What is being asked
Look through the entries below for the line with "The Pneumonia text" and the line with "#collectionvinyl #lovevinyl #vinylmusic", then give again exactly those two lines and all lines between them, minus the pictures.

──────── Material for the task ────────

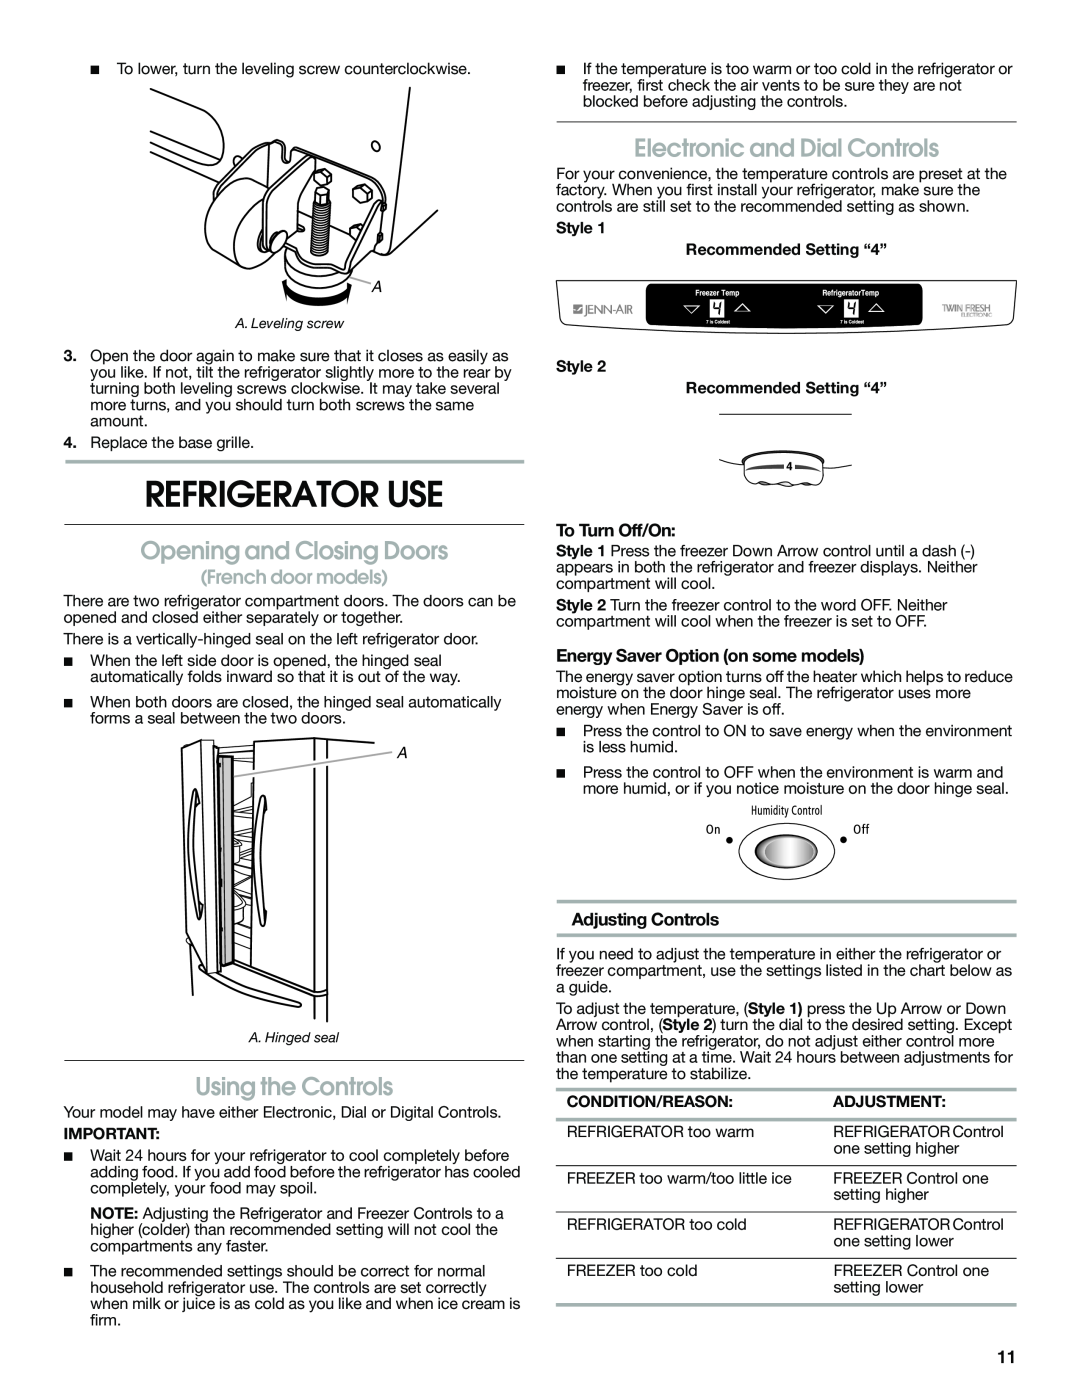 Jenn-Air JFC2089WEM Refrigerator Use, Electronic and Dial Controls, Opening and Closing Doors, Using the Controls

────────
──────── Material for the task ────────

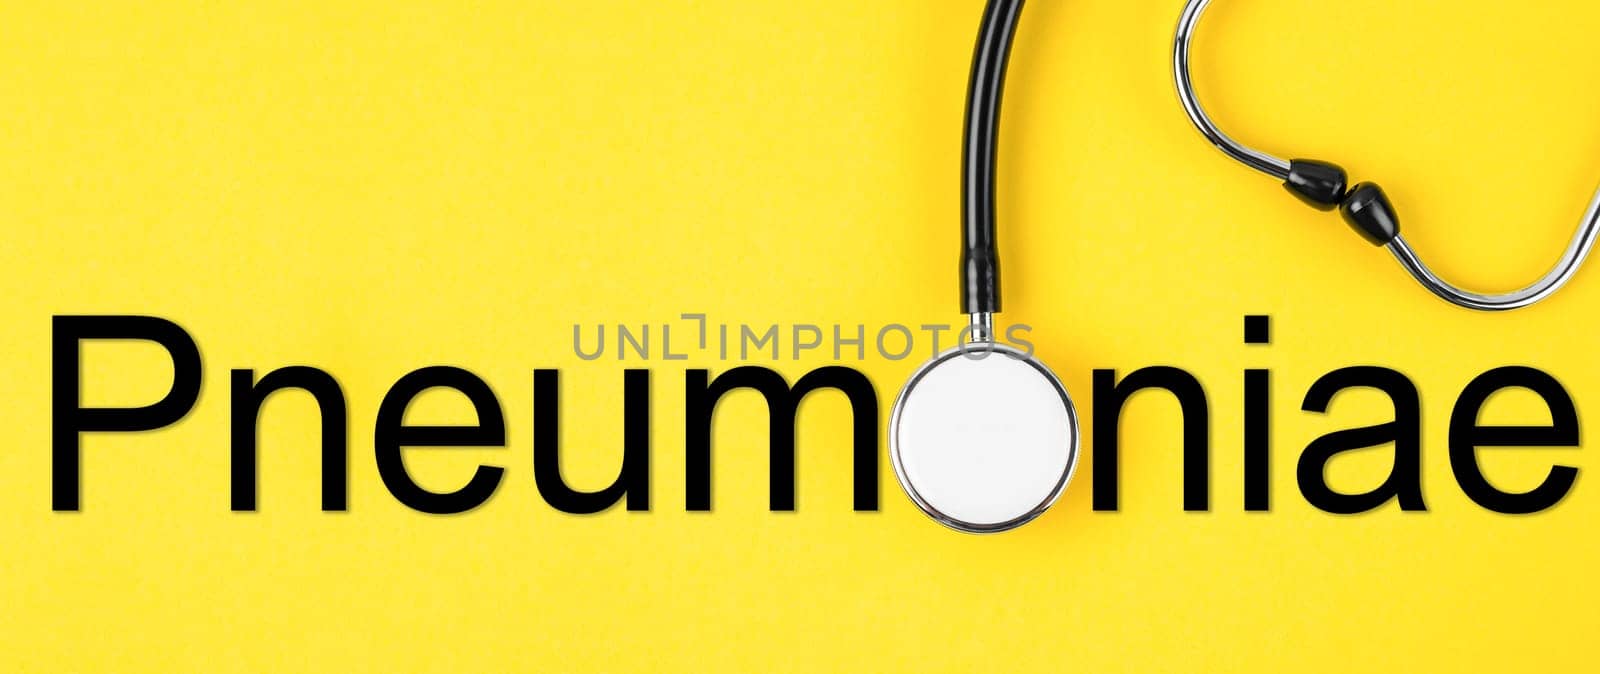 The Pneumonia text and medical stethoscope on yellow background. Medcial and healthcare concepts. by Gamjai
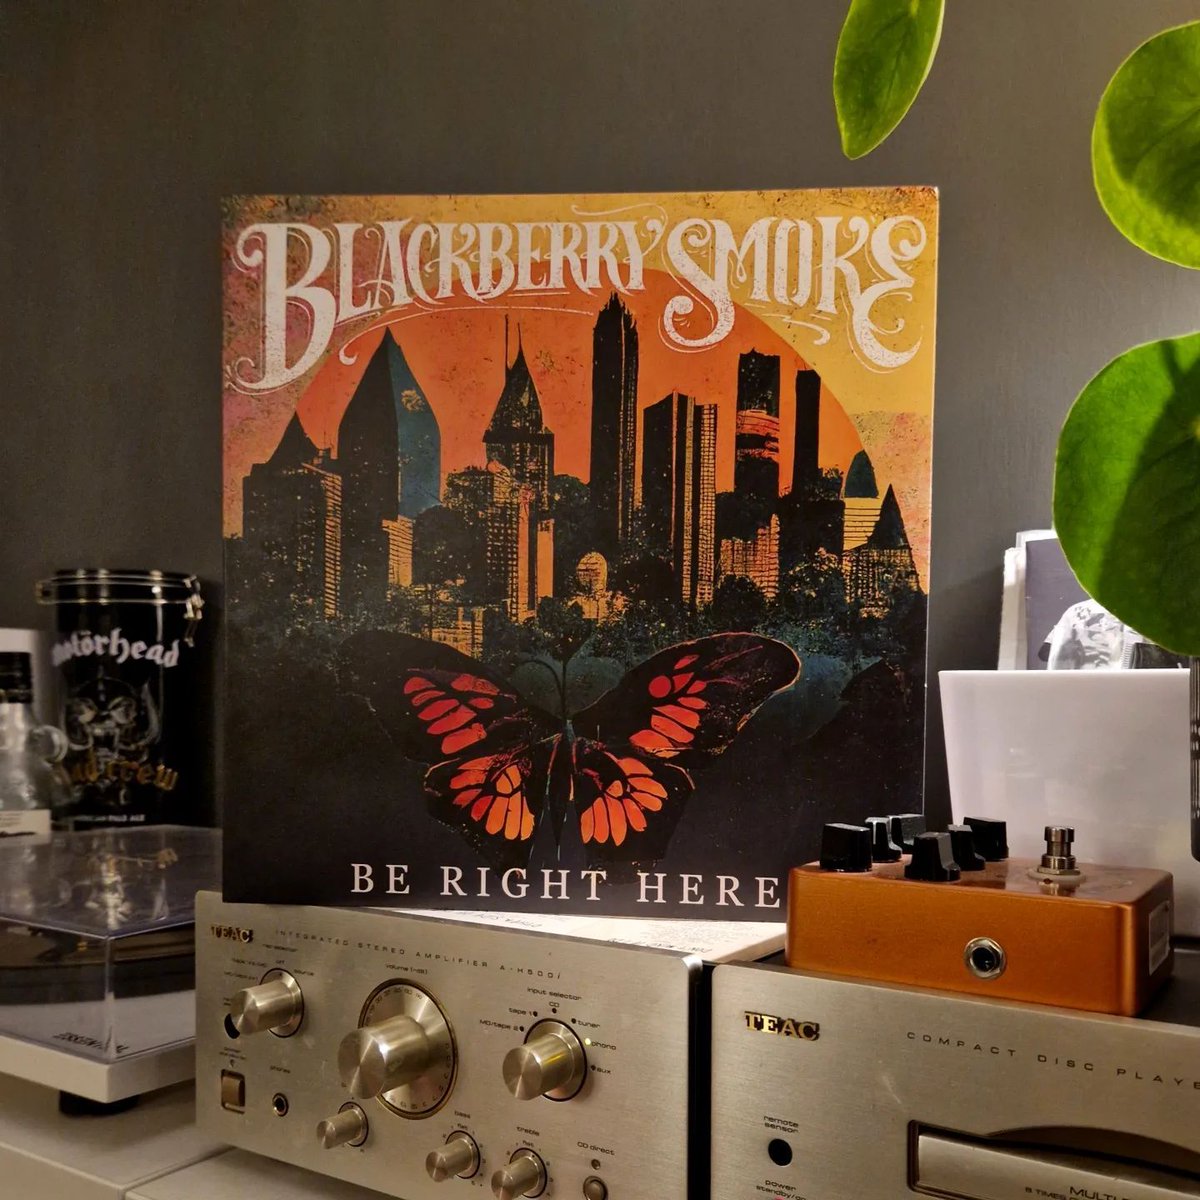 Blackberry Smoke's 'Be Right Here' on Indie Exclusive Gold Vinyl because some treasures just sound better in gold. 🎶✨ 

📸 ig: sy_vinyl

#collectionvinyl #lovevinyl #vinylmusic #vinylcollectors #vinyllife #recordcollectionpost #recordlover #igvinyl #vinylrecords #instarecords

────────

Written answer
 The Pneumonia text and medical stethoscope on yellow background. Medcial and healthcare concepts. by Gamjai
 Blackberry Smoke's 'Be Right Here' on Indie Exclusive Gold Vinyl because some treasures just sound better in gold. 🎶✨ 

📸 ig: sy_vinyl

#collectionvinyl #lovevinyl #vinylmusic #vinylcollectors #vinyllife #recordcollectionpost #recordlover #igvinyl #vinylrecords #instarecords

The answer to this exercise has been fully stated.